**Source material**
········

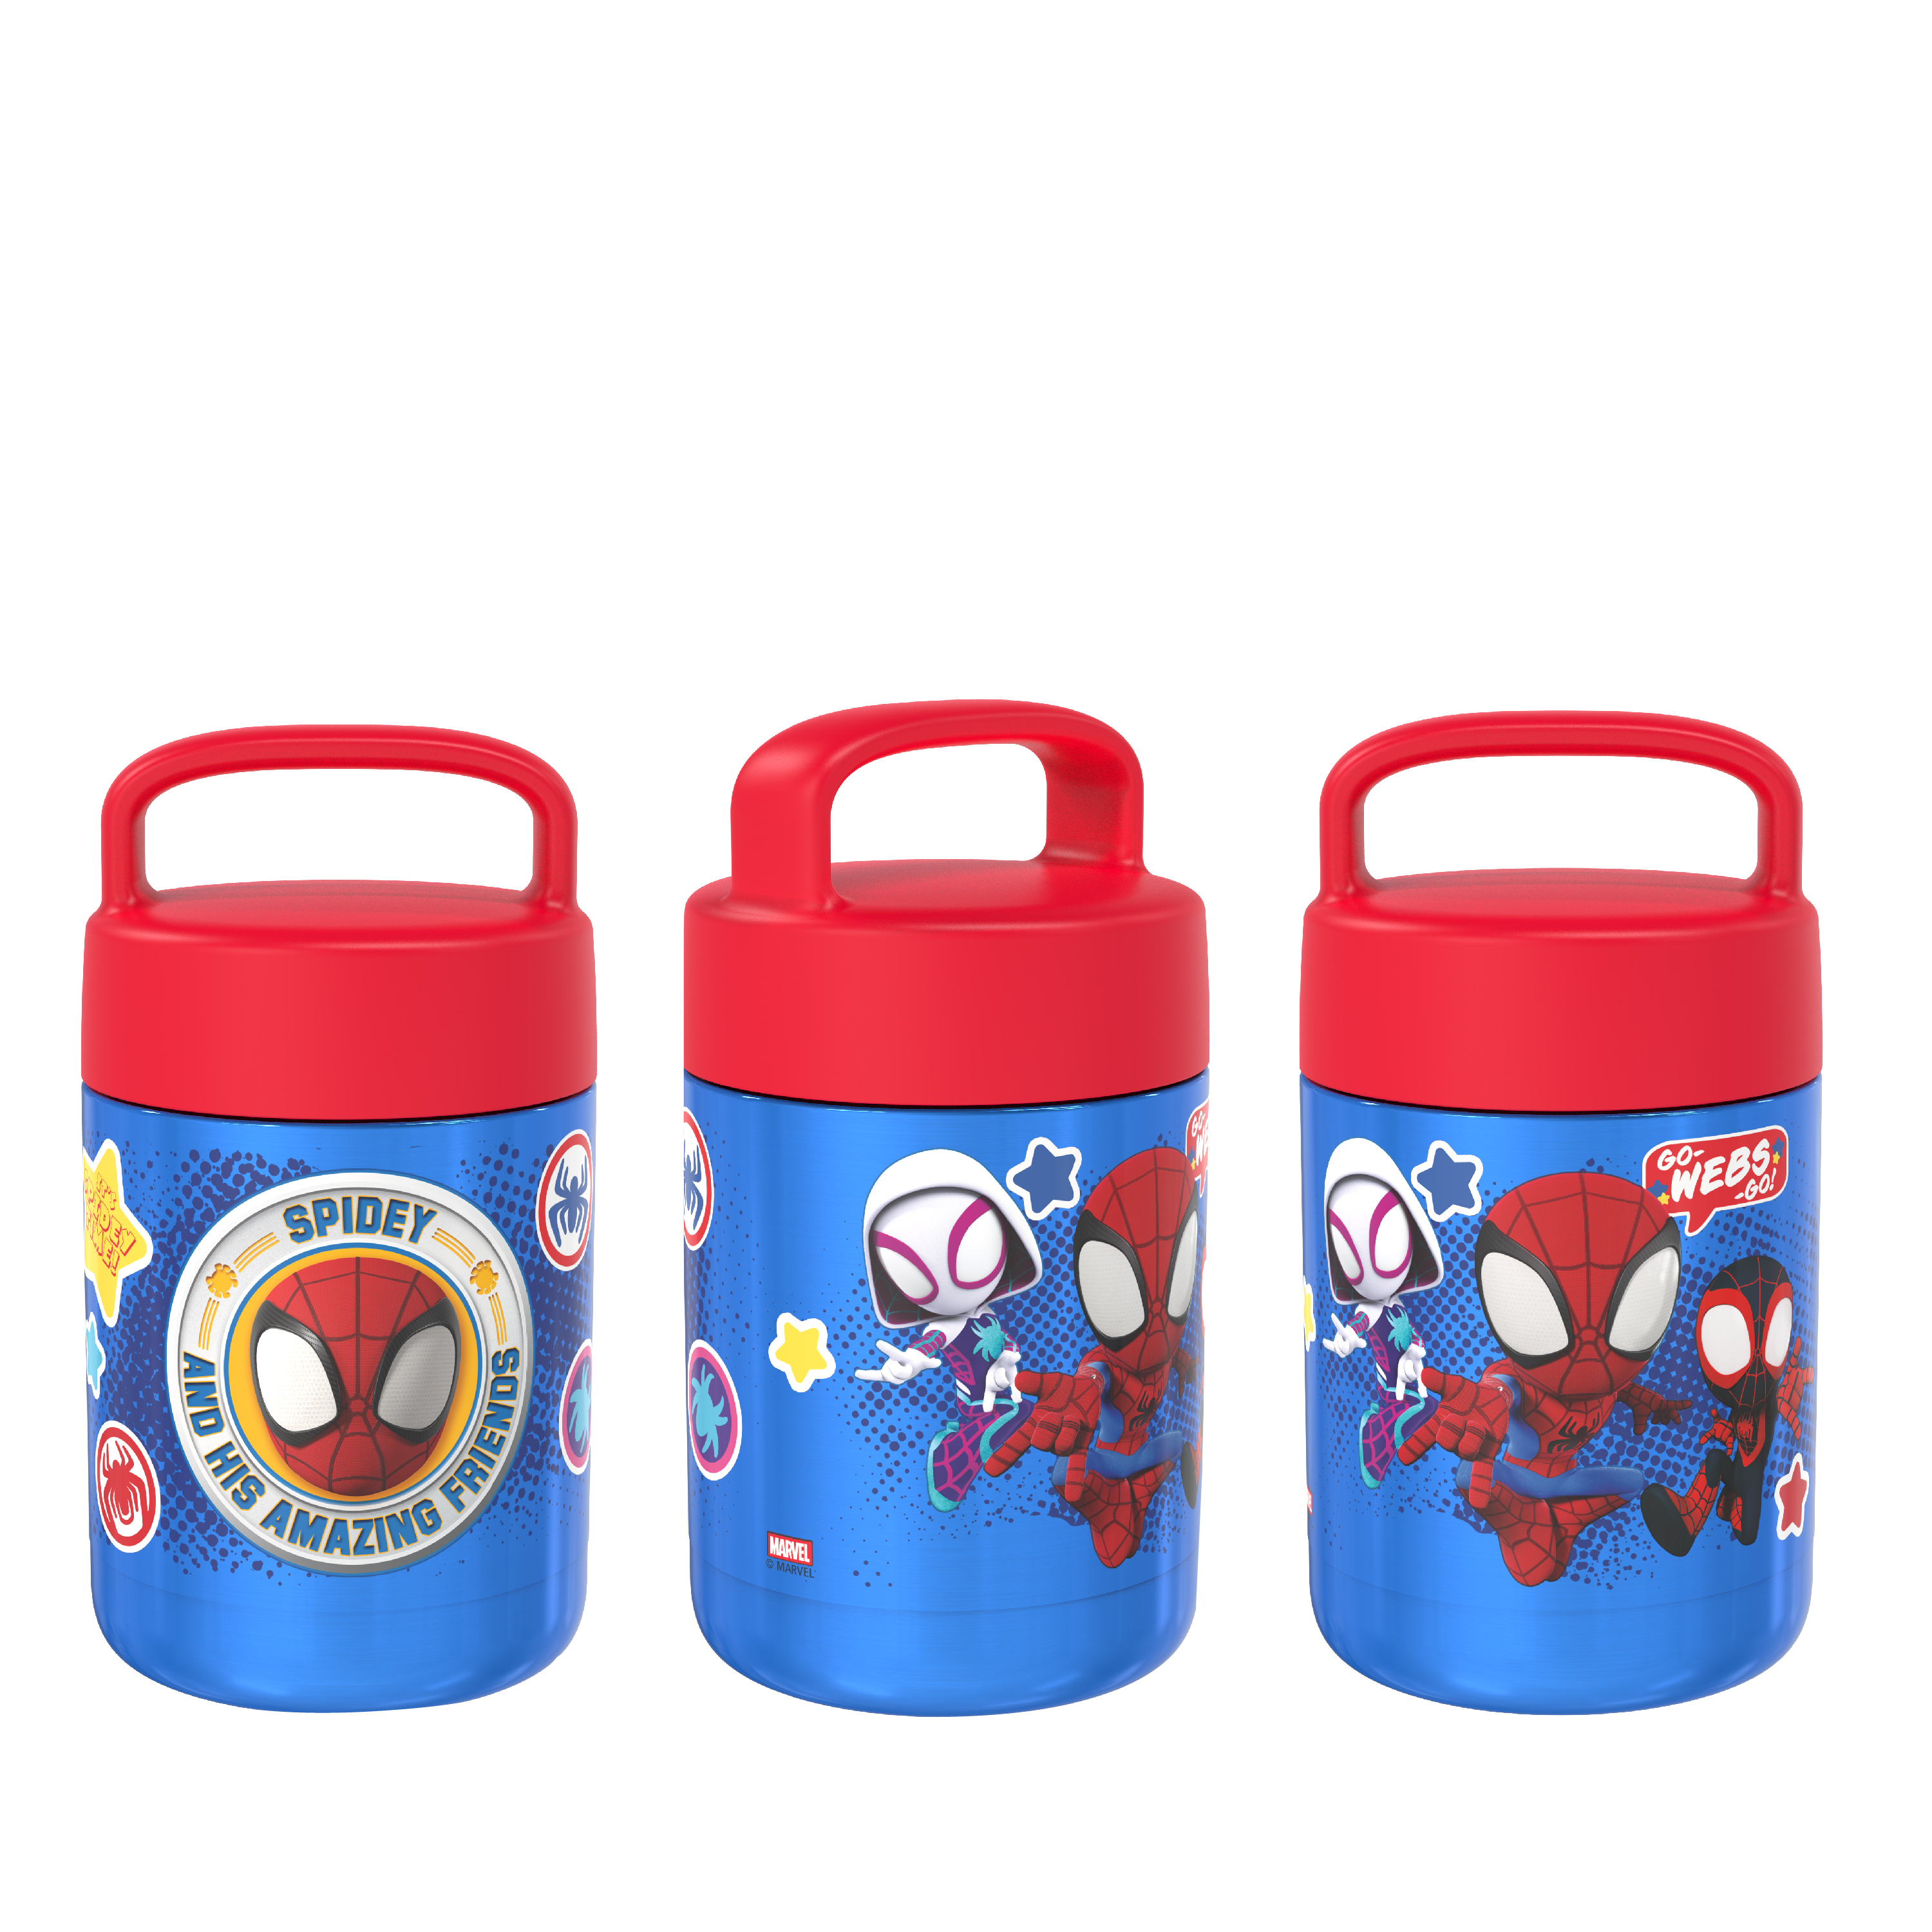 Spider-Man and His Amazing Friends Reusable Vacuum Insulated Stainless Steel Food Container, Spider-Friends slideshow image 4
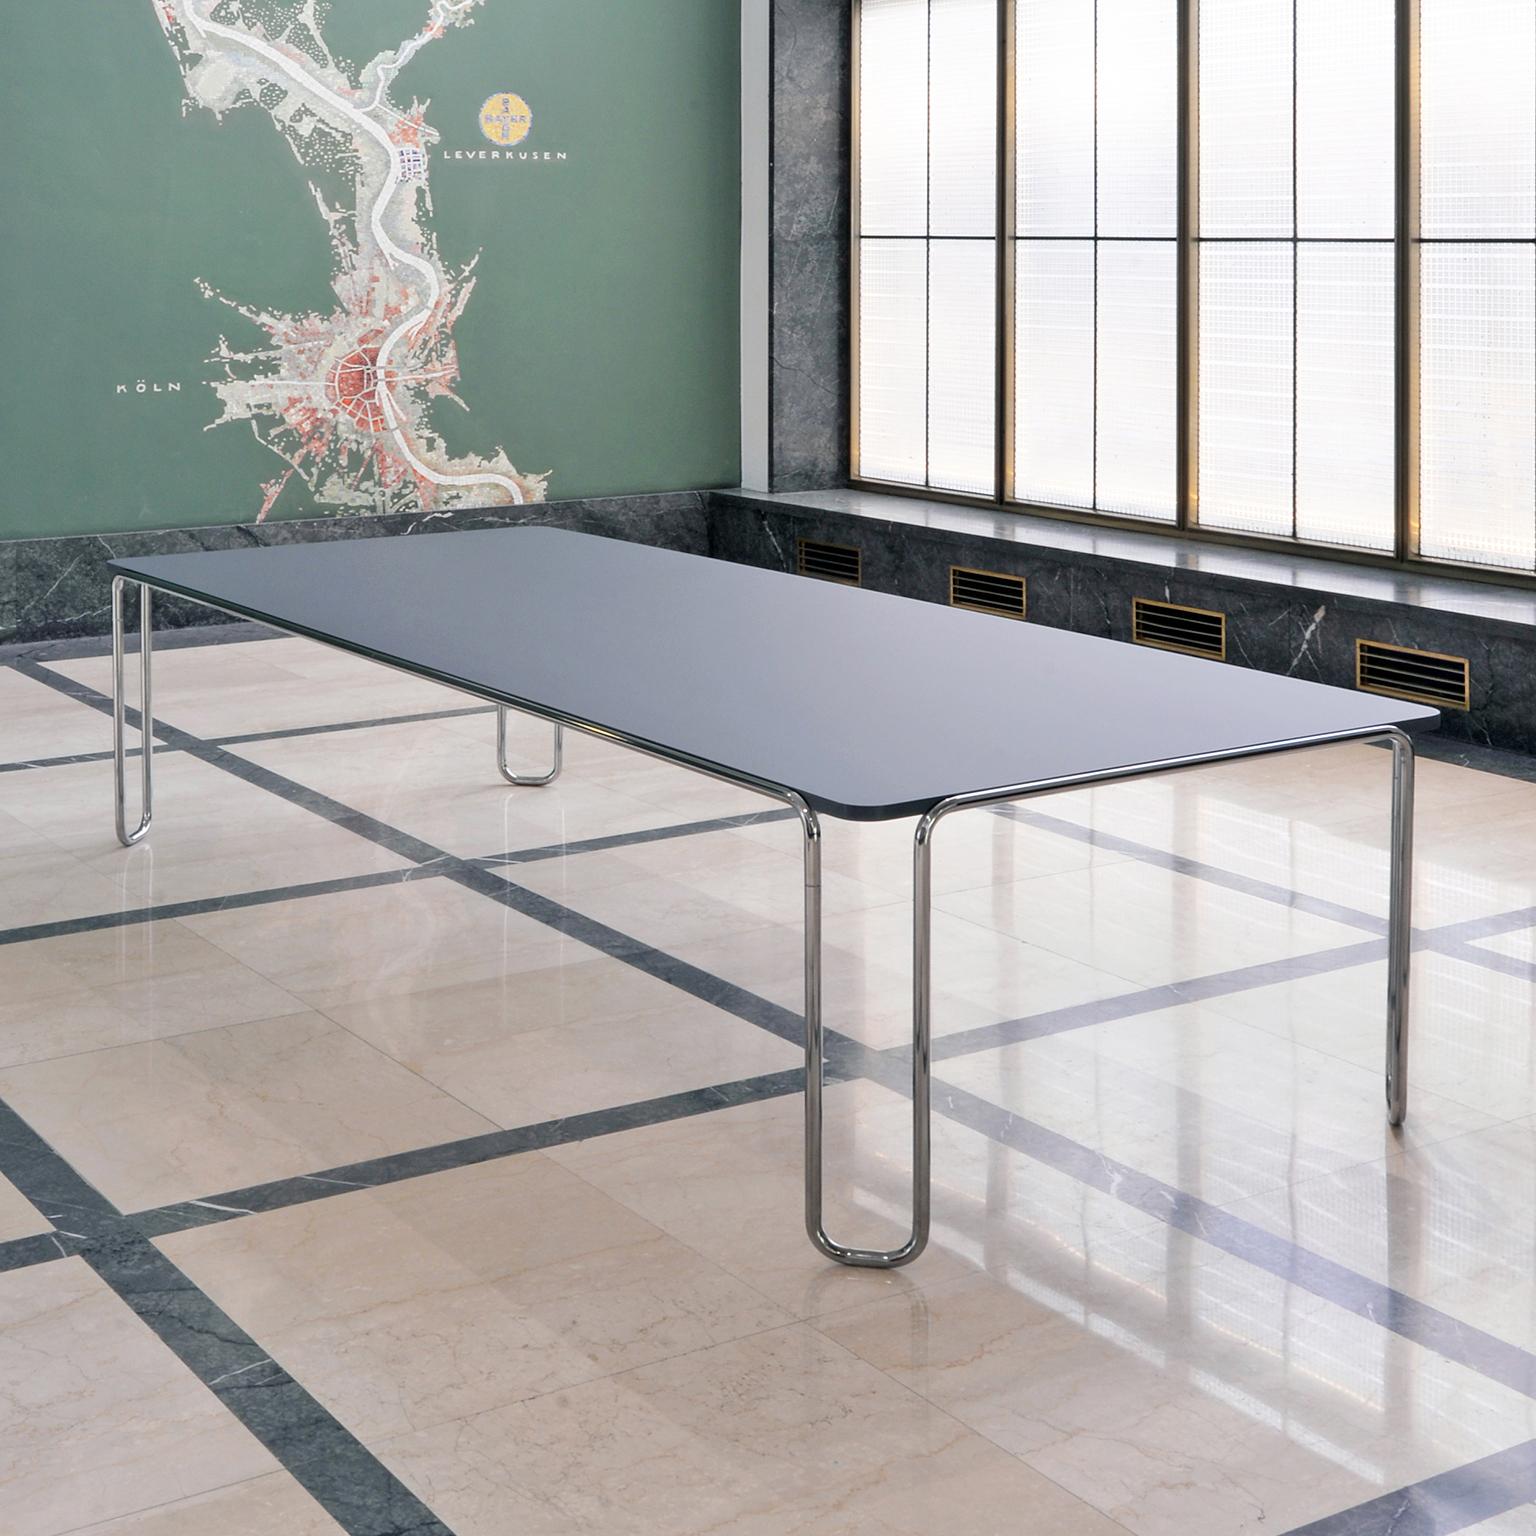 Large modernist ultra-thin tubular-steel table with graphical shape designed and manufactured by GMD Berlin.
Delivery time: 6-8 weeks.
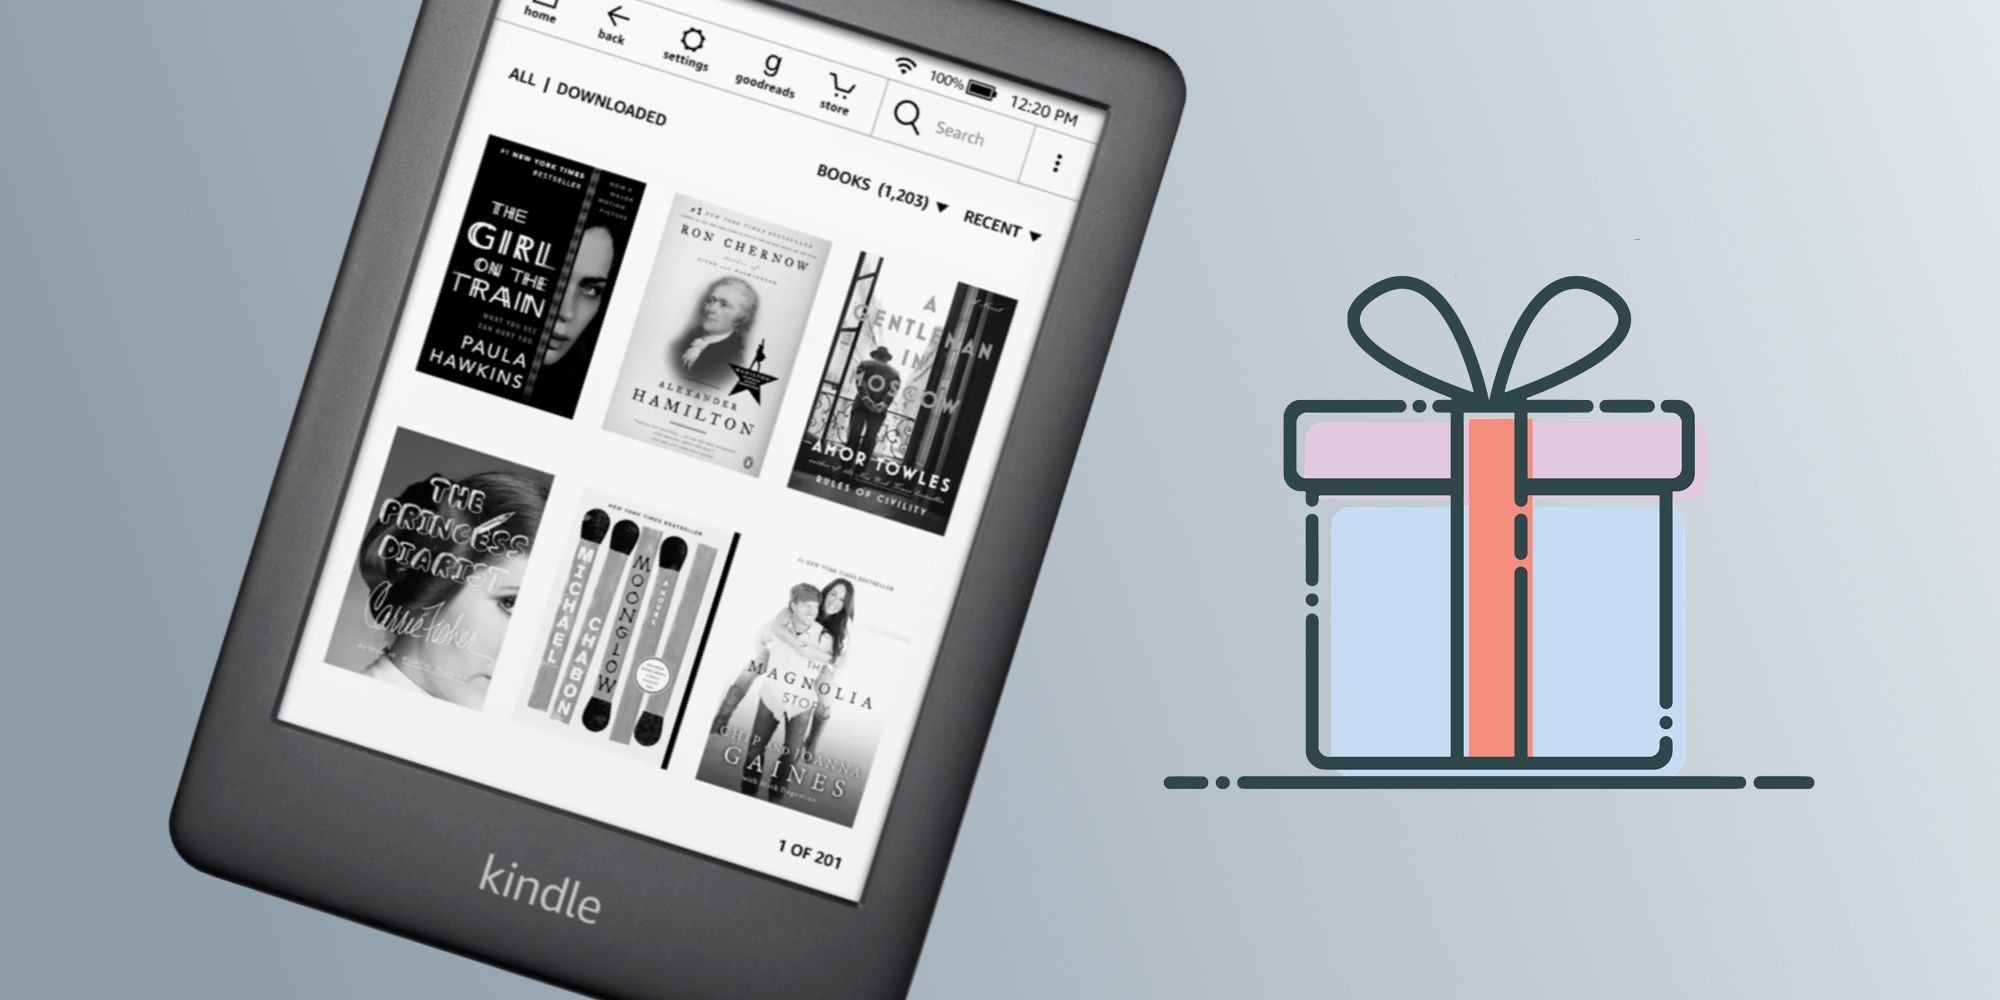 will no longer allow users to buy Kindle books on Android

········

**Directions**
Reproduce the data above word for word and omit the images.

**Finished exercise**
 Spider-Man and His Amazing Friends Reusable Vacuum Insulated Stainless Steel Food Container, Spider-Friends slideshow image 4
 Large modernist ultra-thin tubular-steel table with graphical shape designed and manufactured by GMD Berlin.
Delivery time: 6-8 weeks.
 will no longer allow users to buy Kindle books on Android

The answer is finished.